Task prompt: Transcribe the records verbatim, images excluded.

· · · · · · ·

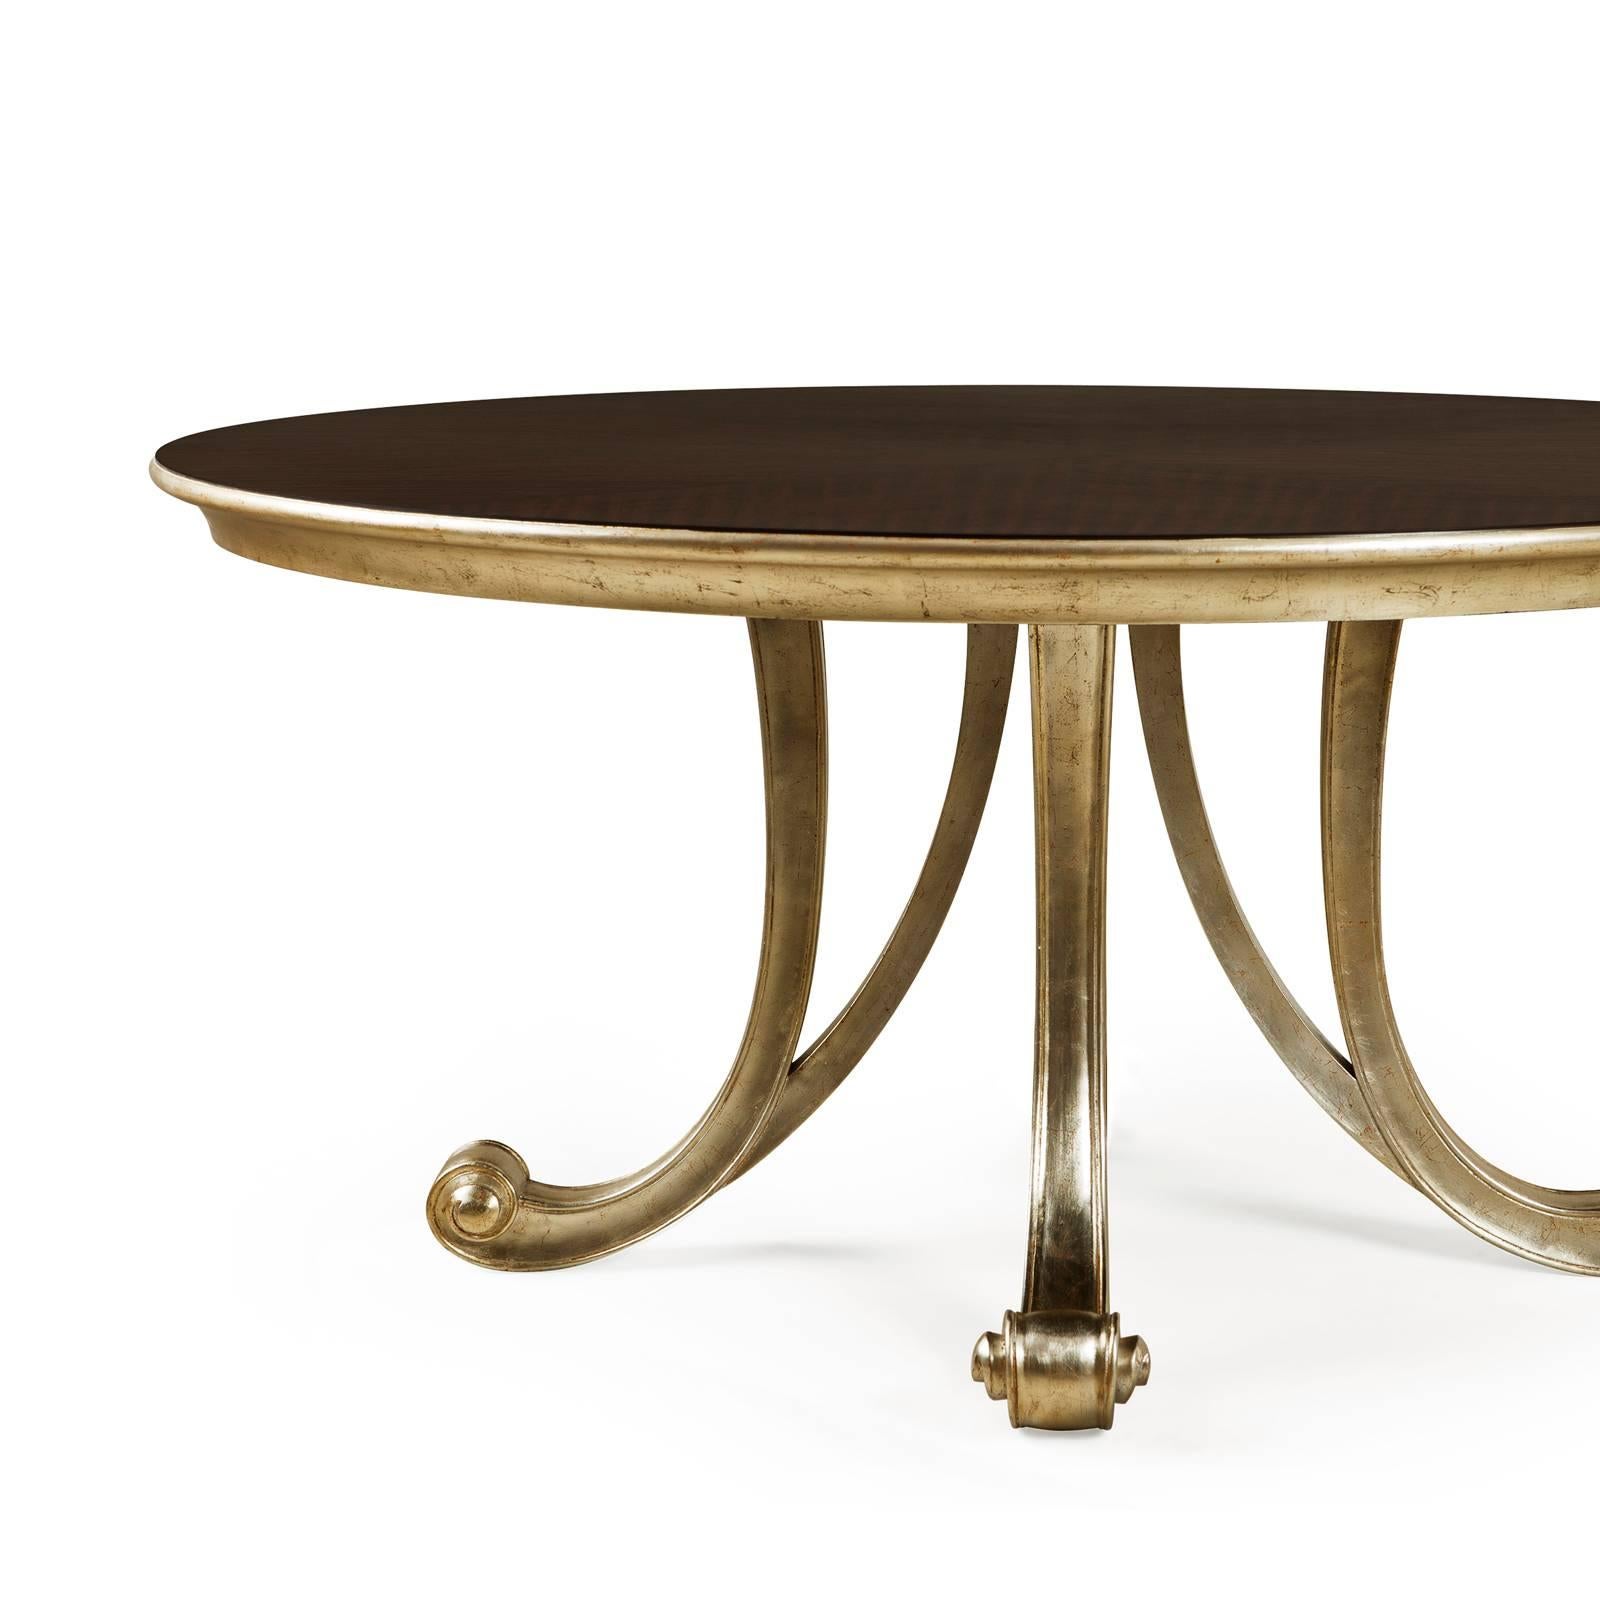 Round table Orcade with hand-crafted solid mahogany wood 
structure. Base and top's frame hand-painted with high quality
gold paint. With a hand-varnished top.
 
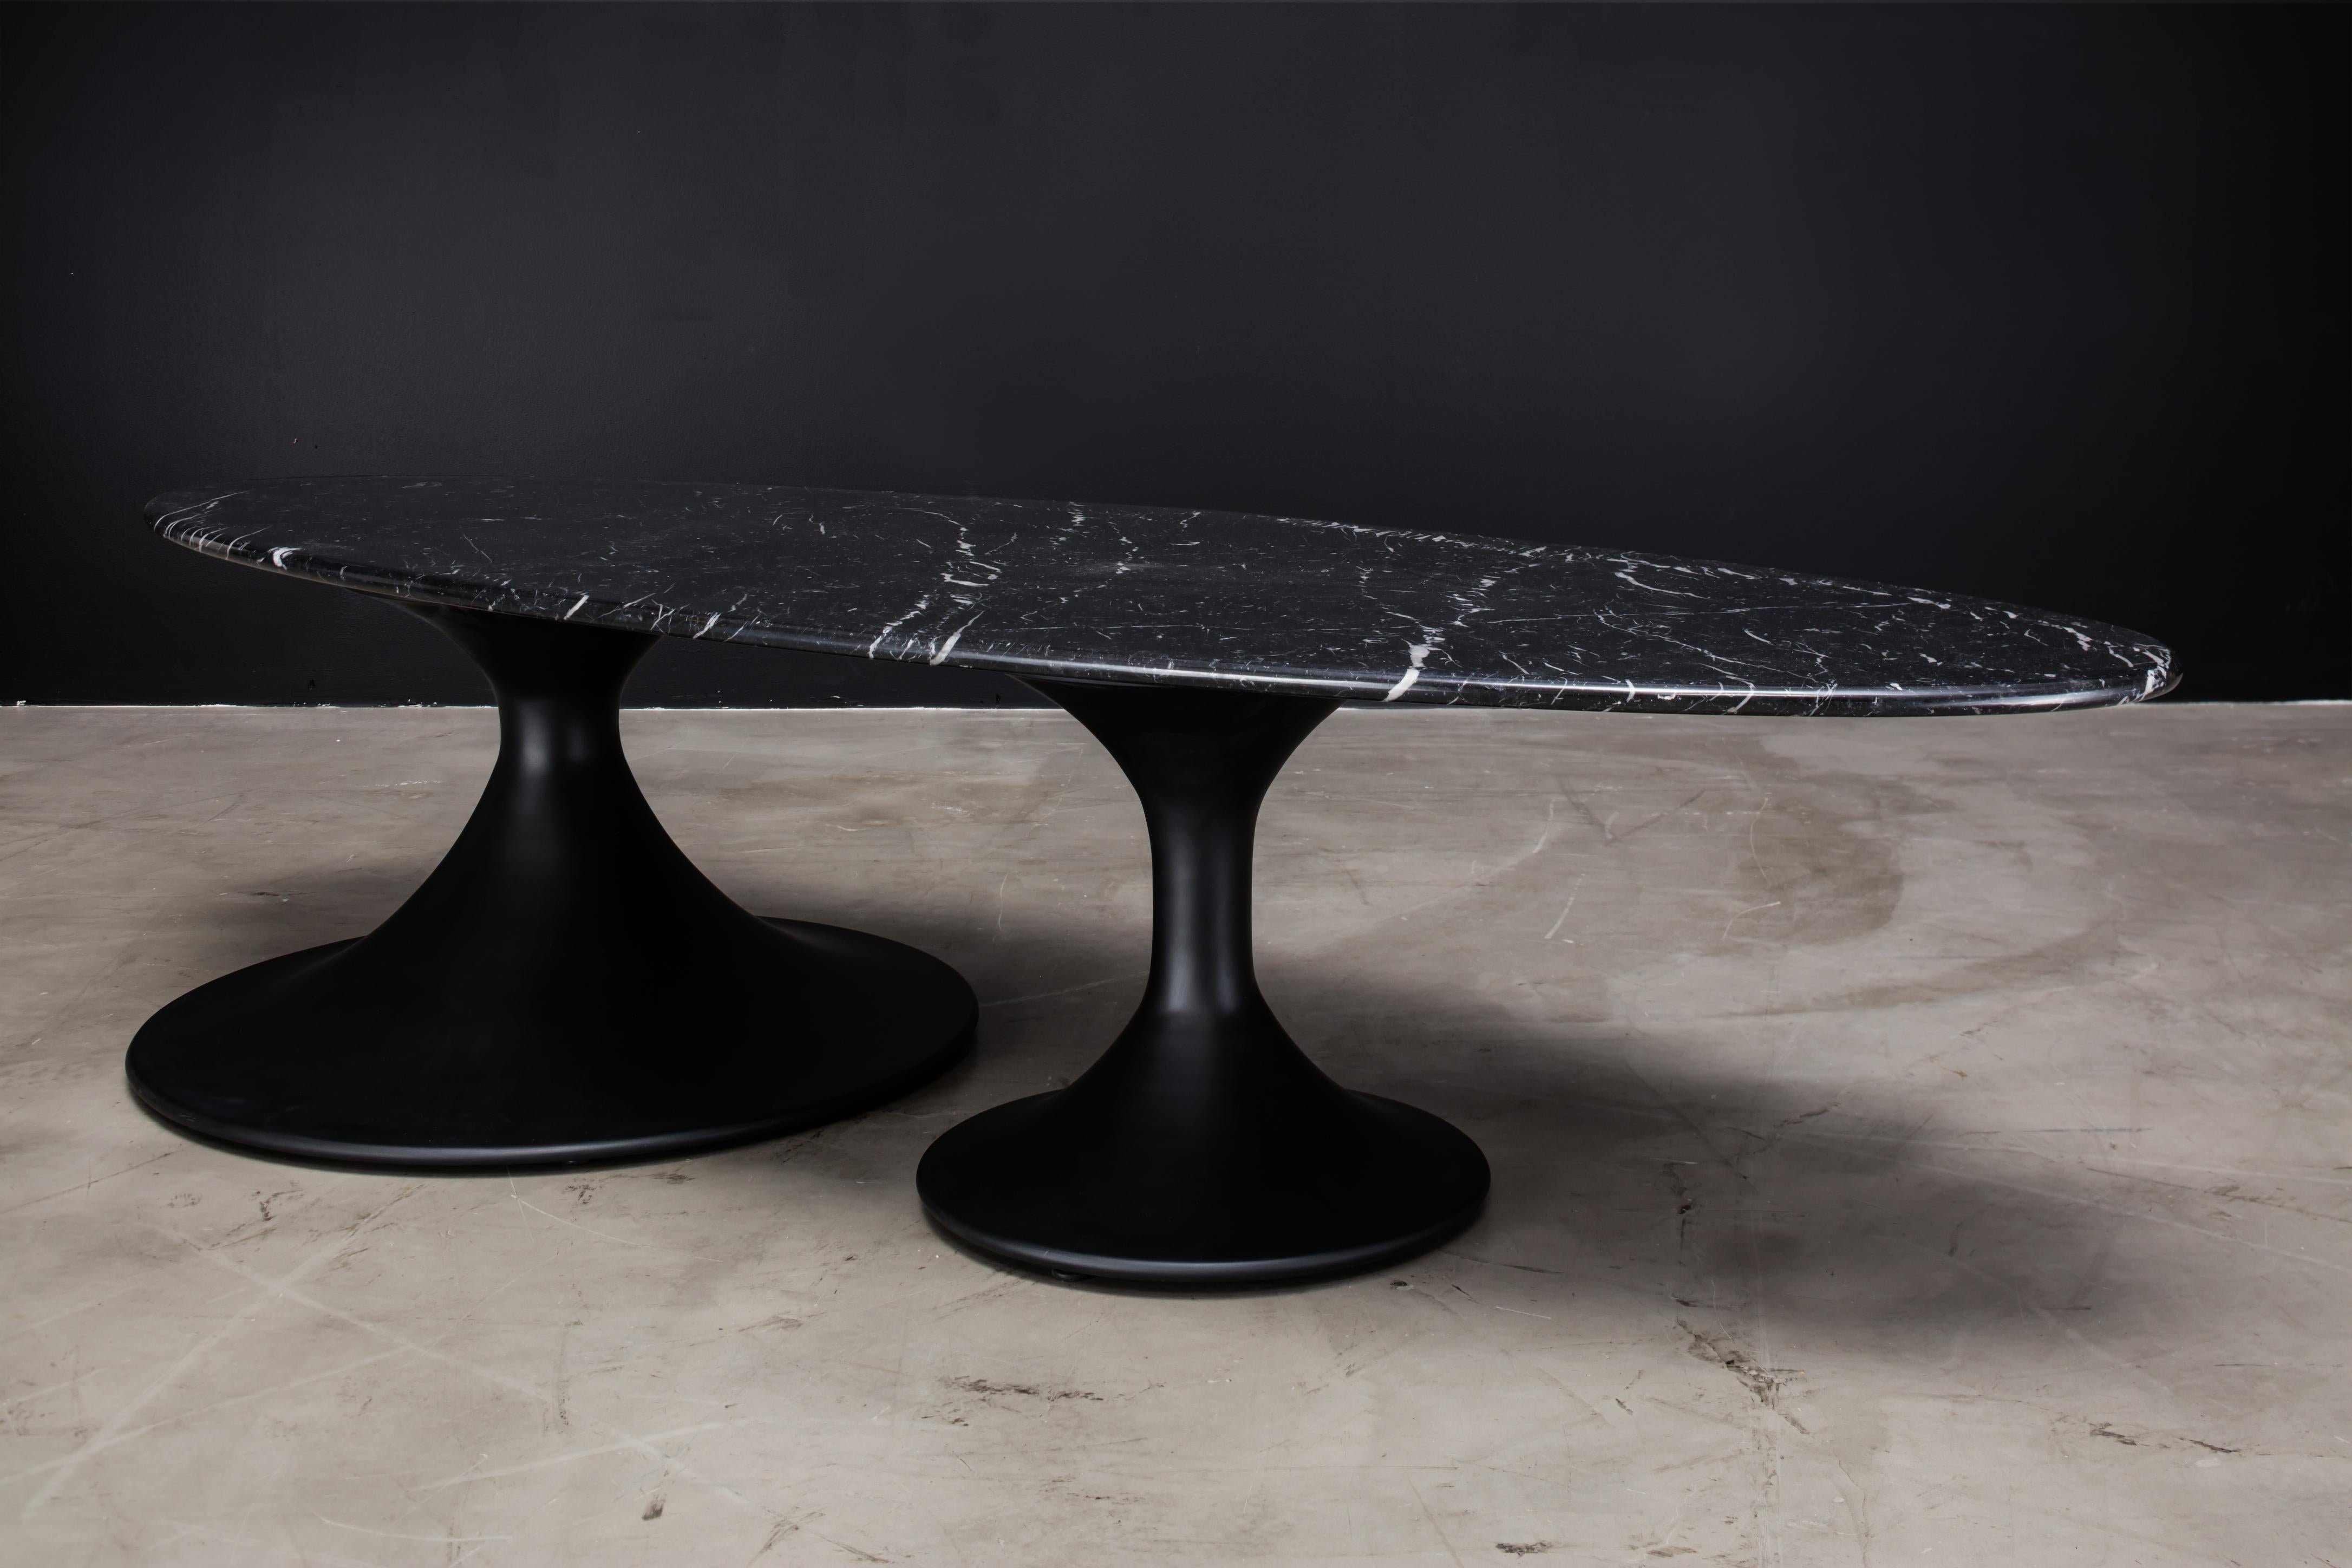 DRIP COFFEE TABLE - Powder-Coated Black and Nero Marquina Marble

The Drip coffee table is a contemporary and unique cocktail table that will surely add character to any living room. The table is constructed from powder-coated metal, providing a

· · · · · · ·

Answer to this task:
 Round table Orcade with hand-crafted solid mahogany wood 
structure. Base and top's frame hand-painted with high quality
gold paint. With a hand-varnished top.
 
 DRIP COFFEE TABLE - Powder-Coated Black and Nero Marquina Marble

The Drip coffee table is a contemporary and unique cocktail table that will surely add character to any living room. The table is constructed from powder-coated metal, providing a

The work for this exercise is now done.